The study examines magnonic crystals composed of ferromagnetic spheroids arranged on cubic lattices embedded in a different ferromagnetic matrix. The authors aim to determine spin‑wave spectra of three‑dimensional magnonic crystals composed of two ferromagnetic materials using the plane‑wave method. They employ the plane‑wave method to calculate spin‑wave spectra in these structures. Magnetic gaps appear only when magnetization and/or exchange contrast exceeds a lattice‑dependent threshold; fcc lattices provide the widest gaps, which scale linearly with contrast and are maximized for nearly spherical scatterers, while dipolar interactions reduce gap width only for lattice constants larger than the exchange length.

Abstract

We use the plane-wave method to determine spin-wave spectra of three-dimensional magnonic crystals (the magnetic counterpart of photonic crystals) composed of two different ferromagnetic materials.

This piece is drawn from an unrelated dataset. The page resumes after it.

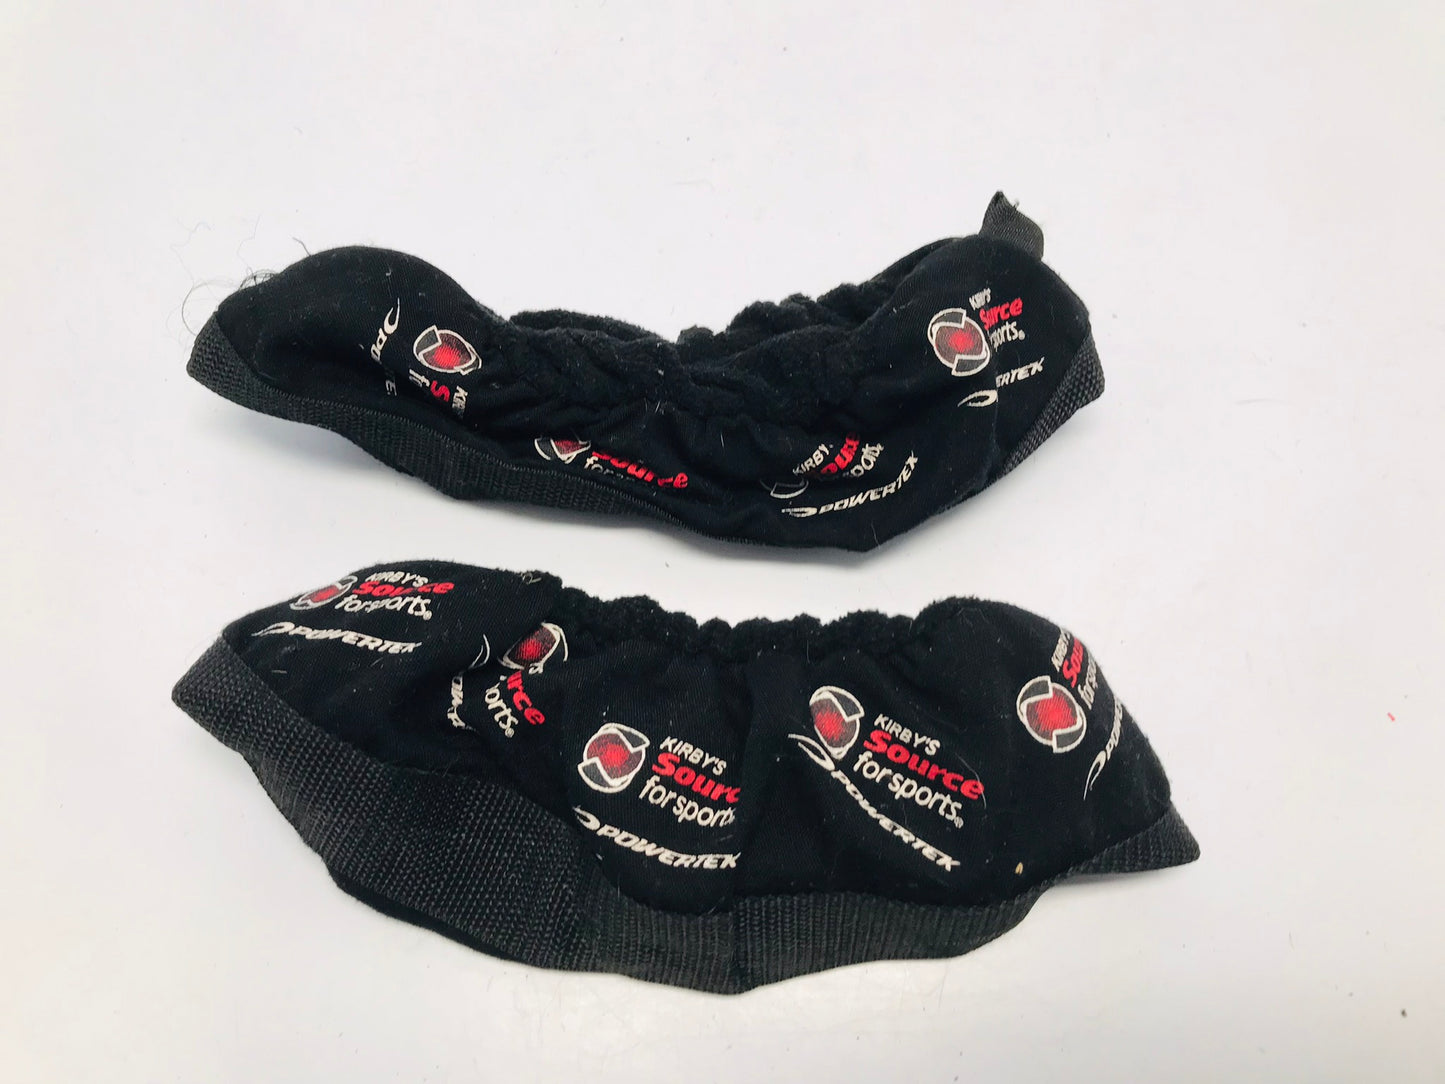 Hockey Skate Guards Black Terri Cloth Kirbies PowerTek Child Shoe Size 1-5

The scattering centers in the magnonic crystal considered are ferromagnetic spheroids (spheres being a special case) distributed in sites of a cubic (sc, fcc, or bcc) lattice embedded in a matrix of a different ferromagnetic material. We demonstrate that magnonic gaps in such structures occur at spontaneous magnetization contrast and/or exchange contrast values above a certain critical level, which depends on the lattice type. Optimum conditions for magnonic gaps to open are offered by the structure in which the scattering centers are the most densely packed (the fcc lattice). We show that in all three lattice types considered the reduced width of the gap (i.e., the width referred to the gap center) is, in good approximation, a linear function of both the exchange contrast and the magnetization contrast. Also, the gap width proves sensitive to scattering center deformation, and its maximum value to correspond to a scattering center shape close to a sphere. Moreover, our numerical results seem to indicate that dipolar interactions in general result in an effective reduction of the gap width, but their impact only becomes of importance when the lattice constant of the cubic magnonic structure is greater than the ferromagnetic exchange length of the matrix material.